# Wind speed and towing trailers



## applecart14 (14 February 2014)

I was meant to be competing tomorrow (Saturday) at Weston Lawns but windspeeds yesterday forecast for Saturday were 35mph.  Now they have gone down to 24mph.

Does anyone know how this would influence a trailer on a motorway towing a single horse weighing in at 700KG?

Windspeed on Sunday in Worcester at another venue is more favourable and around 13mph.

Would you tow in 24mph winds?
I will check again first thing in the morning to see what the windspeed is so I can make up my mind what to do if it has decreased any.


----------



## ROG (14 February 2014)

Any wind especially cross winds will affect a trailer

If you think its safe then crack on but if you have any safety doubts do not travel

Losing a few quid or an opportunity is very different from damaging the trailer, the vehicle, the horse or human lives !!


----------



## applecart14 (14 February 2014)

ROG said:



			Any wind especially cross winds will affect a trailer

If you think its safe then crack on but if you have any safety doubts do not travel

Losing a few quid or an opportunity is very different from damaging the trailer, the vehicle, the horse or human lives !!
		
Click to expand...

I agree wholeheartedly - I am probably the most safety concious person ever!  Just wondered how strong 24mph winds actually are!

Just been out for a walk in Birmingham City Centre at lunch time and its meant to be 20mph and its pretty windy so doubt very mucy I shall go tomorrow unless wind speed drastically changes overnight.


----------



## Exploding Chestnuts (14 February 2014)

Sometime it is better to use an "A" road if available, it is the cross winds that hit the high sided vehicles.
Maybe there will be advice on Police or AA websites.
I would not travel in 35mph, nor 25mph.
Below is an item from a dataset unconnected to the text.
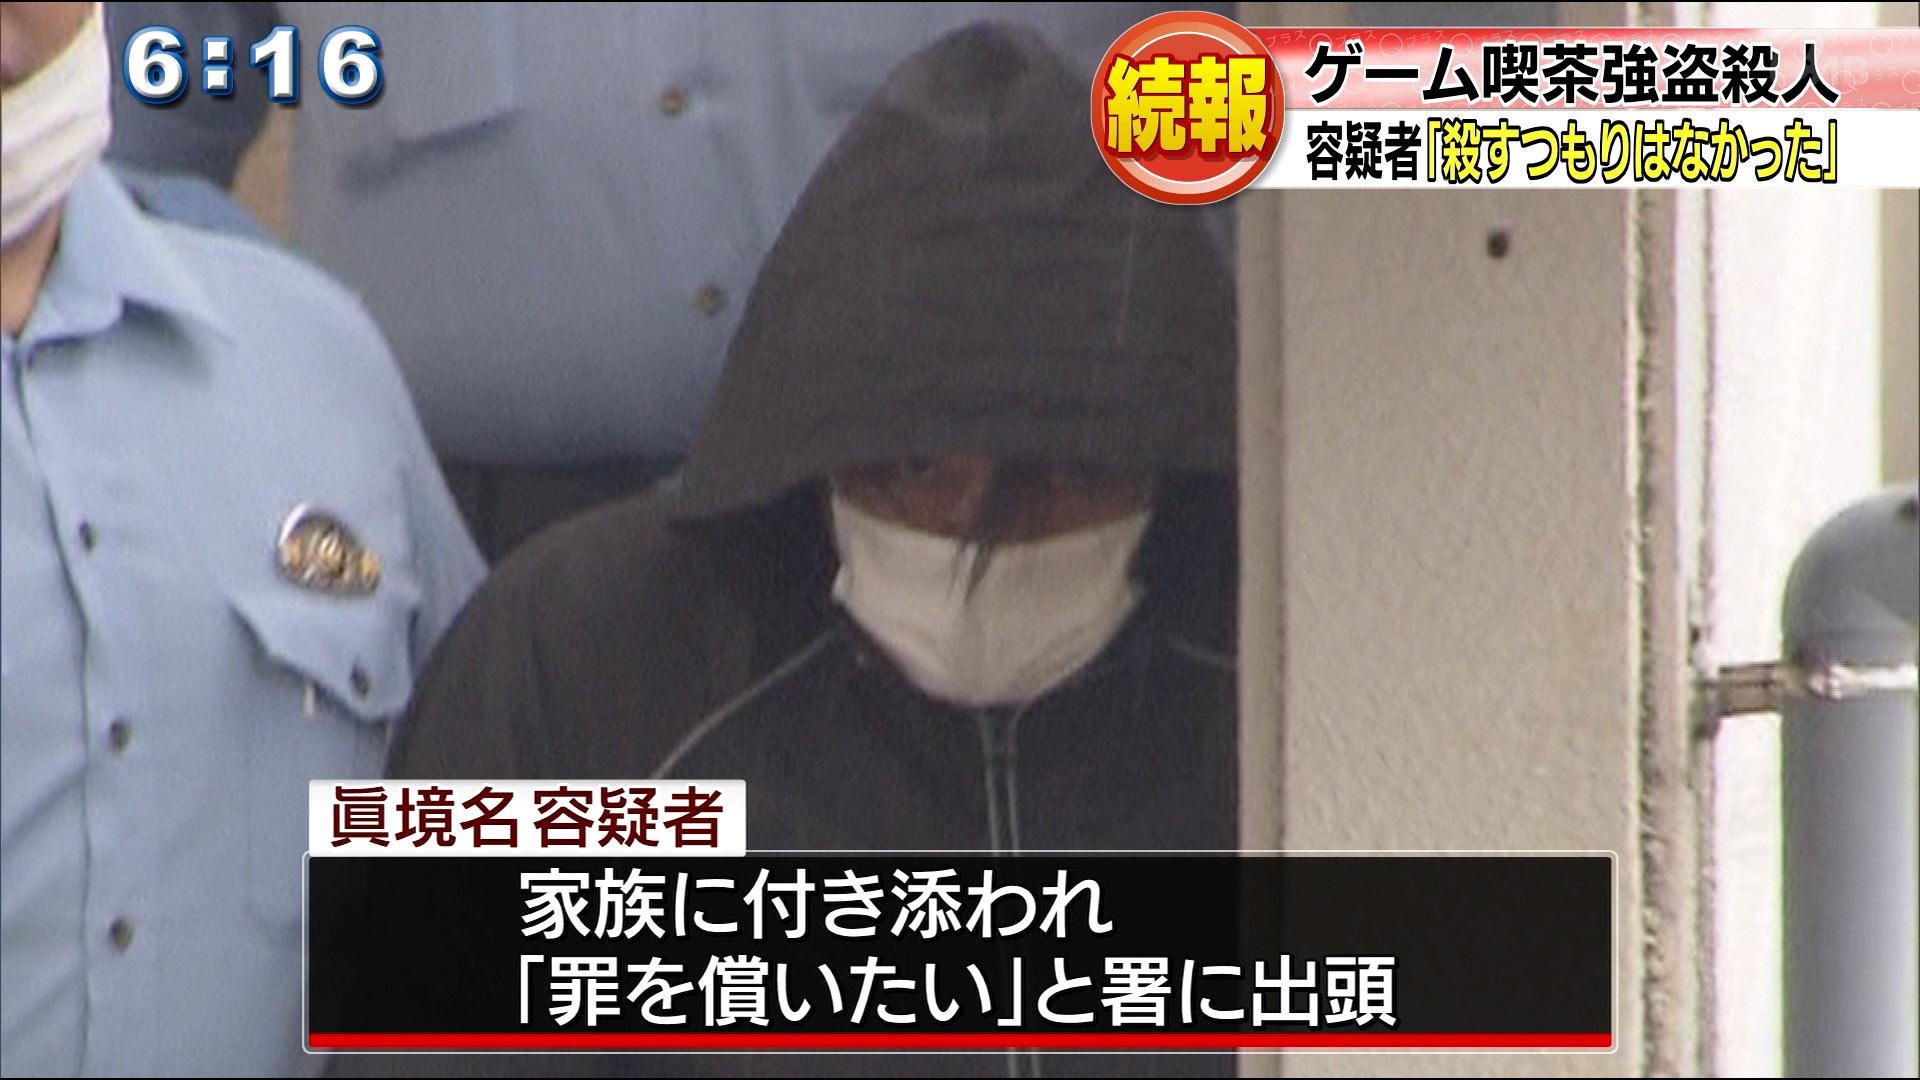 喫茶店強盗殺人 容疑者「殺すつもりはなかった」
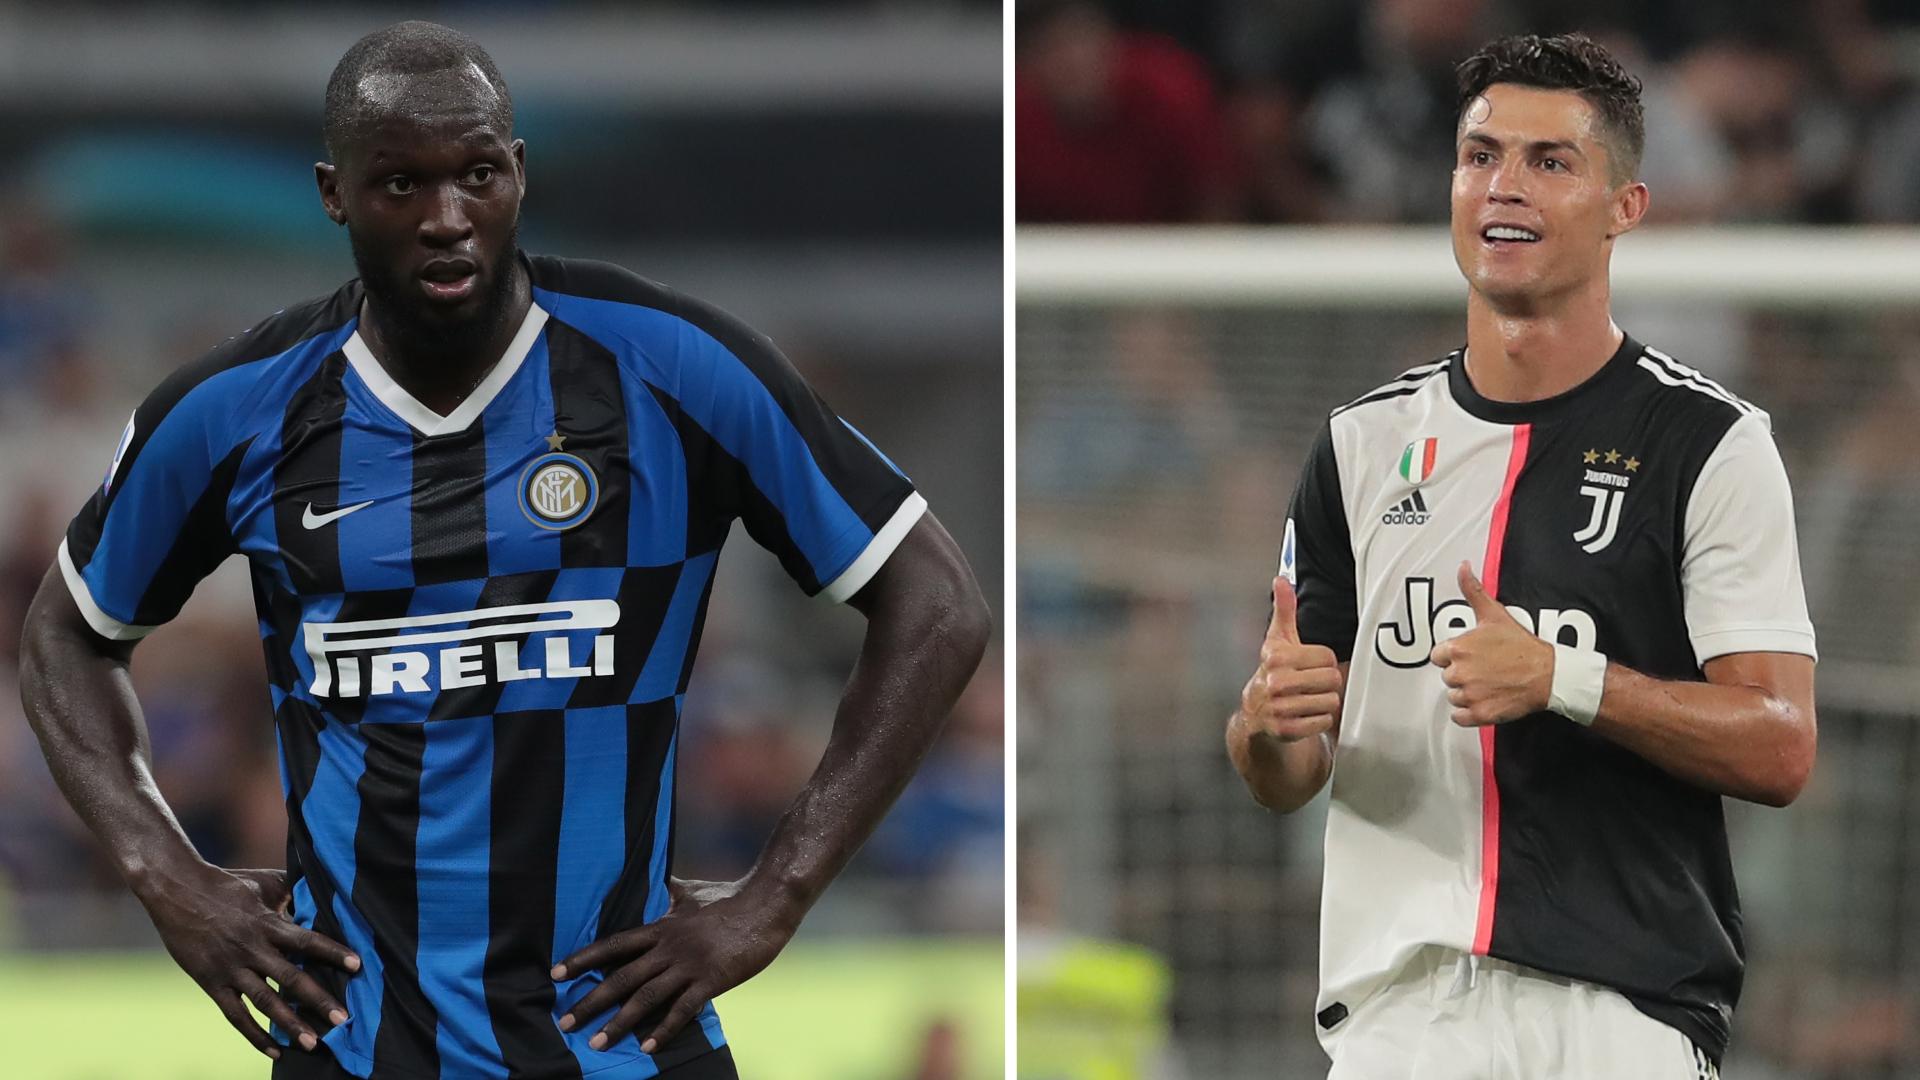 Lukaku nâng tổng số bàn thắng cho Inter tại Serie A lên 18, chính thức bước vào cuộc chiến giành Chiếc Giày Vàng với Ronaldo

You need to check gusting windspeeds.
Thinking about flying light aircraft, I was happy enough with 15-18 mph.


----------



## TarrSteps (14 February 2014)

Decent table here: http://www.metoffice.gov.uk/weather/marine/guide/beaufortscale.html

It also depends on how heavy/stable your trailer and towing vehicle are but generally, for trailers in the UK, which are all bumper pull and fairly light, I'd say that is starting to get into dangerous territory, which seems to be anything in excess of 20mph by most standards. The biggest issue is gusts or coming out of windbreaks, which might be much stronger than the general wind speed.


----------



## applecart14 (14 February 2014)

TarrSteps said:



			Decent table here: http://www.metoffice.gov.uk/weather/marine/guide/beaufortscale.html

It also depends on how heavy/stable your trailer and towing vehicle are but generally, for trailers in the UK, which are all bumper pull and fairly light, I'd say that is starting to get into dangerous territory, which seems to be anything in excess of 20mph by most standards. The biggest issue is gusts or coming out of windbreaks, which might be much stronger than the general wind speed.
		
Click to expand...


Thanks for that - I have just found this weather forecast for saturday which states the wind speed of the gusts.  Click on Saturdays!!!.  No way would I go out with gusts of 40+mph winds!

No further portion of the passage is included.